Fig7: Performance improvement by LI-DPA and its combination with mode-0
Here we show an example of LI-DPA. Mode-0 is an additional MCS mode for which no transmission is allowed if the signal quality is below a threshold. Using mode-0, transmissions that are likely to fail are eliminated; this reduces interference without causing reduction of total system throughput. In fact, since the radio resources are made available to users who are likely to succeed, system throughput is increased. LI-DPA, least interference dynamic packet assignment, selects the time slot with the lowest interference to deliver the packets. Figure 7, showing the message delay which is greater than what 90% of the users experience as the throughput per slot increases, clearly indicates that there is significant improvement that can be achieved by this method; a combination of LI-DPA with mode-0 can further enhance performance.
7. CONCLUSION
The TDMA and GSM systems have chosen the same EDGE radio-access and GPRS packet-switched core network technologies to provide third-generation services in existing spectrum. Accordingly, a common access for data services can be offered to more than 370 million mobile subscribers. EDGE can be deployed in two modes in TDMA systems: Classic and COMPACT. The Classic system requires only minimum extension to GSM EDGE and uses standard GSM/GPRS control channels, which facilitates global roaming.

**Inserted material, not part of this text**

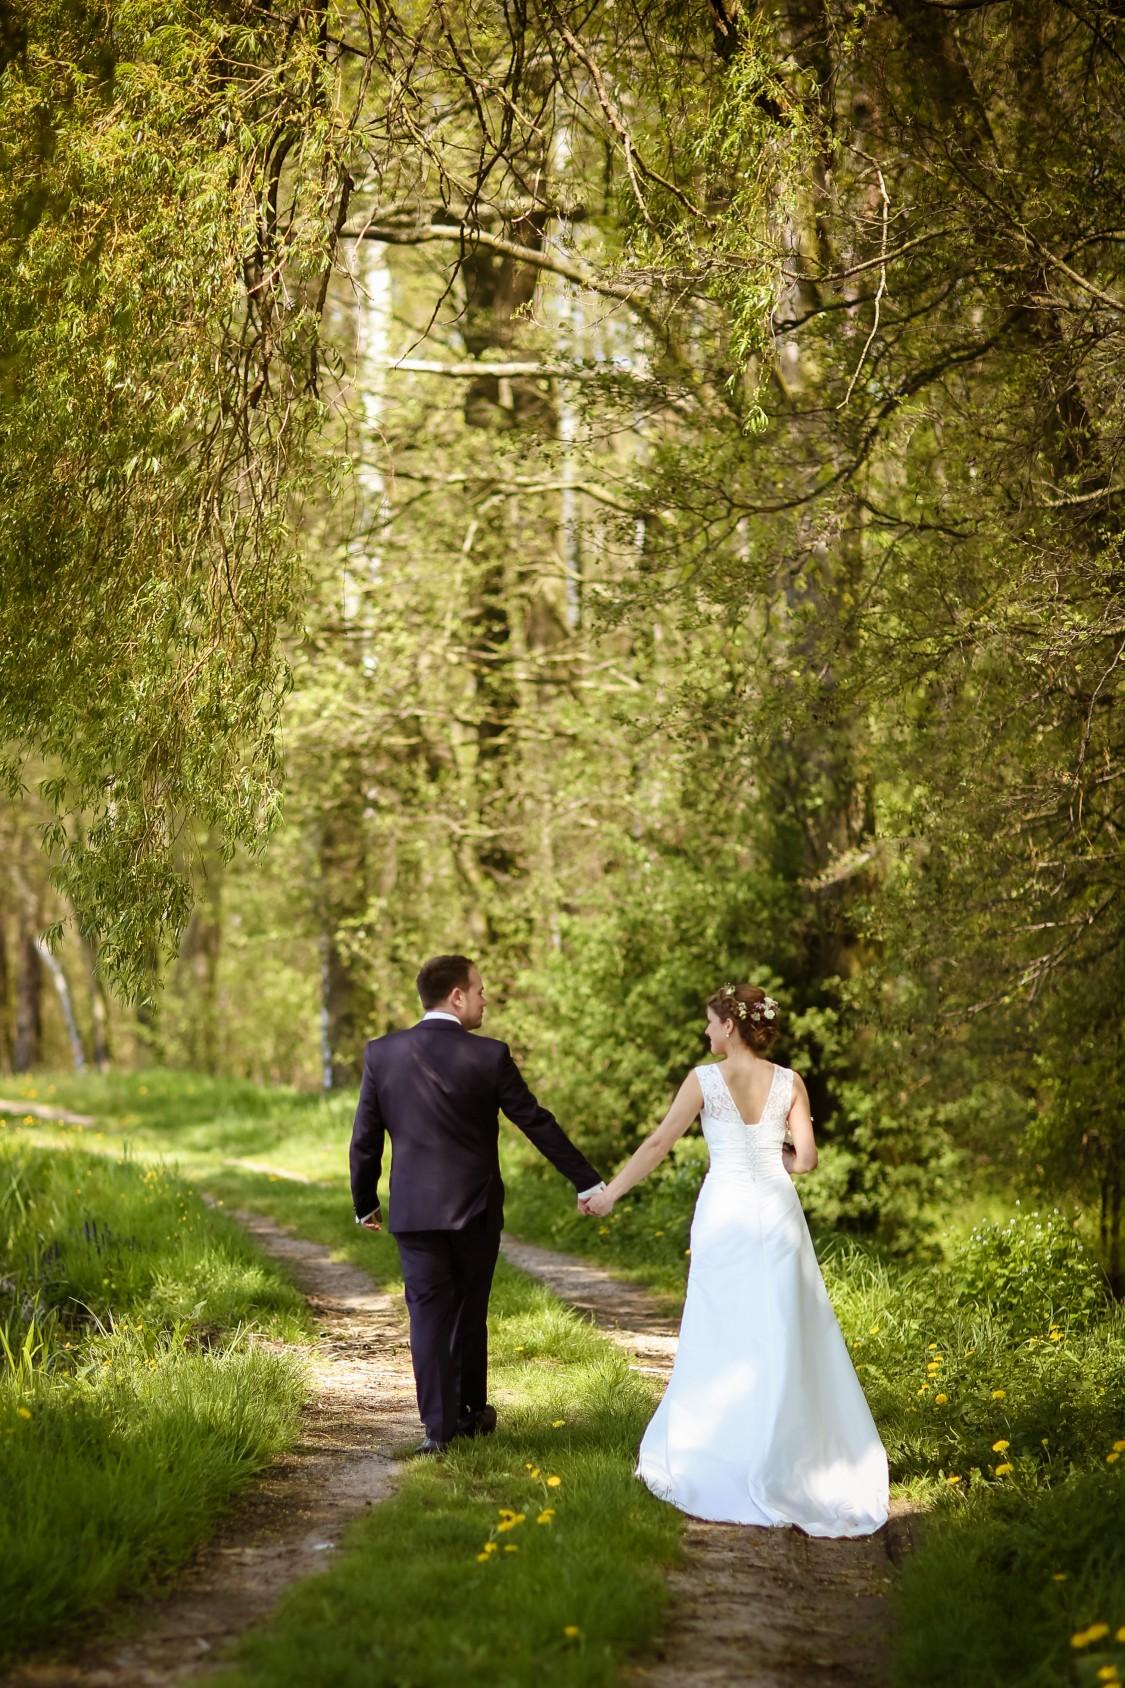 Ihr-Hochzeitsfotograf-Weisendorf_0012

The COMPACT system introduces a novel control channel configuration, synchronized base stations, and discontinuous transmission on the first carriers, which facilitates the deployment of EDGE control channels in a 1/3 frequency-reuse pattern. Thus, the initial deployment of COMPACT requires only a very limited amount of spectrum ”600 kHz plus guard bands. With fractional loading, excellent spectral efficiency can be attained with data rates of up to 384 kbit/s. COMPACT thus supports UWCC requirements for third-generation services with high spectral efficiency and initial deployment within less than 1 MHz of spectrum.
8. REFERENCES
[1] J. Cai and D. J. Goodman, General Packet Radio Service in GSM, IEEE Communications Magazine, October 1997, pp.122-131.
[2] ETSI Tdoc SMG2 1015/97, EDGE Feasibility Study, Work Item 184; Improved Data Rates through Optimised Modulation, version 1.0, December 1997.